R/selpropdist.R
In geoBayes: Analysis of Geostatistical Data using Bayes and Empirical Bayes Methods

###############################################################################
#### Code for the paper "Selection of Proposal Distributions for
#### Multiple Importance Sampling" by V Roy and E Evangelou
###############################################################################

##' Selection of multiple importance sampling distributions
##'
##' \describe{
##' \item{SEQ}{is a sequential method starting with \code{istart} and
##' additng to it until \code{K} proposals have been selected. At each
##' iteration, the point with the highest (relative?) standard error
##' is added} 
##' \item{MNX}{is the minimax method. The chosen proposal corresponds
##' to the lowest maximum (relative?) standard error.}
##' \item{ENT}{is the entropy method. The chosen proposal corresponds
##' to the highest determinant of the (relative?) covariance matrix at
##' the first stage.}
##' }
##' @title Selection of multiple importance sampling distributions
##' @param pargrid A data frame with components "linkp", "phi", "omg",
##'   "kappa". Each row gives a combination of the parameters to
##'   compute the new standard errors.
##' @param K How many proposal densities in total to choose among the
##'   rows of \code{pargrid}. Needed for SEQ only. For MNX and ENT
##'   this is determined by the length of \code{istart}. 
##' @param istart Start with these rows of \code{pargrid}. A vector of
##'   indices.
##' @param relativeSE Logical.
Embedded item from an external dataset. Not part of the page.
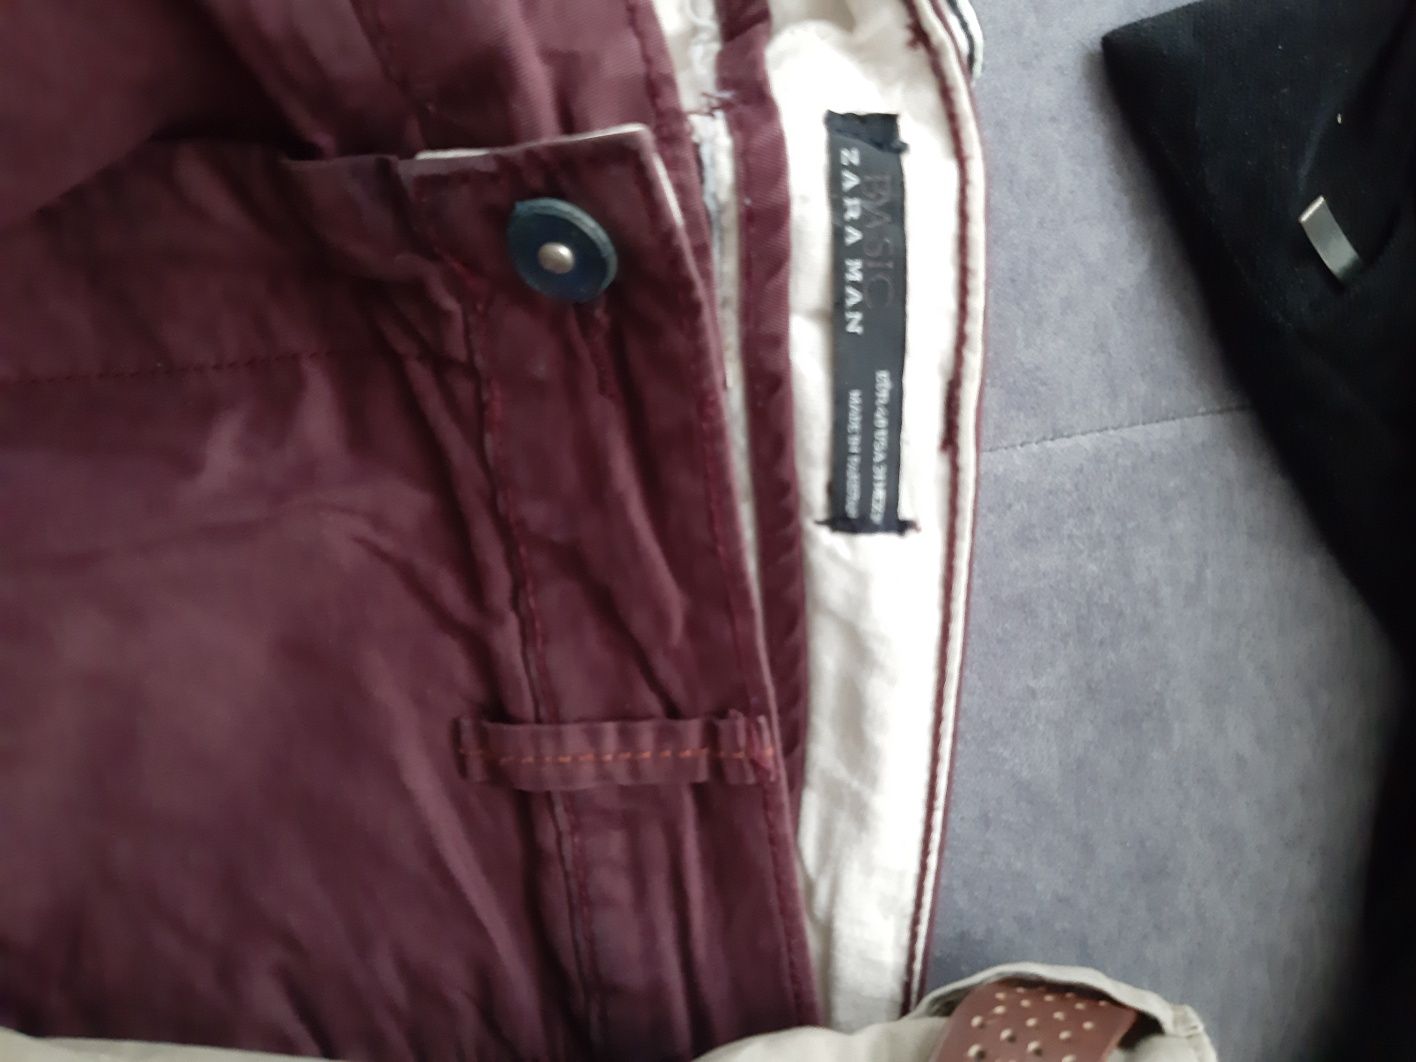 Zara Basic spodnie r.M 3pary

Whether the choice is based on the
##'   standard error (FALSE), or relative standard error (TRUE).
##' @param N1 The sample size for stage 1.
##' @param N2 The sample sie for stage 2.
##' @param Nthin Thinning
##' @param Nbi Burn-in
##' @param formula A representation of the model in the form
##'   \code{response ~ terms}. The response must be set to \code{NA}'s
##'   at the prediction locations (see the examples on how to do this
##'   using the function \code{\link{stackdata}}). At the observed
##'   locations the response is assumed to be a total of replicated
##'   measurements. The number of replications is inputted using the
##'   argument \code{weights}.
##' @param family The distribution of the data. The
##'   \code{"GEVbinomial"} family is the binomial family with link the
##'   GEV link (see Details).
##' @param data An optional data frame containing the variables in the
##'   model.
##' @param weights An optional vector of weights. Number of replicated
##'   samples for Gaussian and gamma, number of trials for binomial,
##'   time length for Poisson.
##' @param subset An optional vector specifying a subset of
##'   observations to be used in the fitting process.
##' @param offset See \code{\link[stats]{lm}}.
##' @param atsample A formula in the form \code{~ x1 + x2 + ... + xd}
##'   with the coordinates of the sampled locations.
##' @param corrfcn Spatial correlation function. See
##'   \code{\link{geoBayes_correlation}} for details.
##' @param betm0 Prior mean for beta (a vector or scalar).
##' @param betQ0 Prior standardised precision (inverse variance)
##'   matrix. Can be a scalar, vector or matrix. The first two imply a
##'   diagonal with those elements. Set this to 0 to indicate a flat
##'   improper prior.
##' @param ssqdf Degrees of freedom for the scaled inverse chi-square
##'   prior for the partial sill parameter.
##' @param ssqsc Scale for the scaled inverse chi-square prior for the
##'   partial sill parameter.
##' @param dispersion The fixed dispersion parameter.
##' @param longlat How to compute the distance between locations. If
##'   \code{FALSE}, Euclidean distance, if \code{TRUE} Great Circle
##'   distance. See \code{\link[sp]{spDists}}.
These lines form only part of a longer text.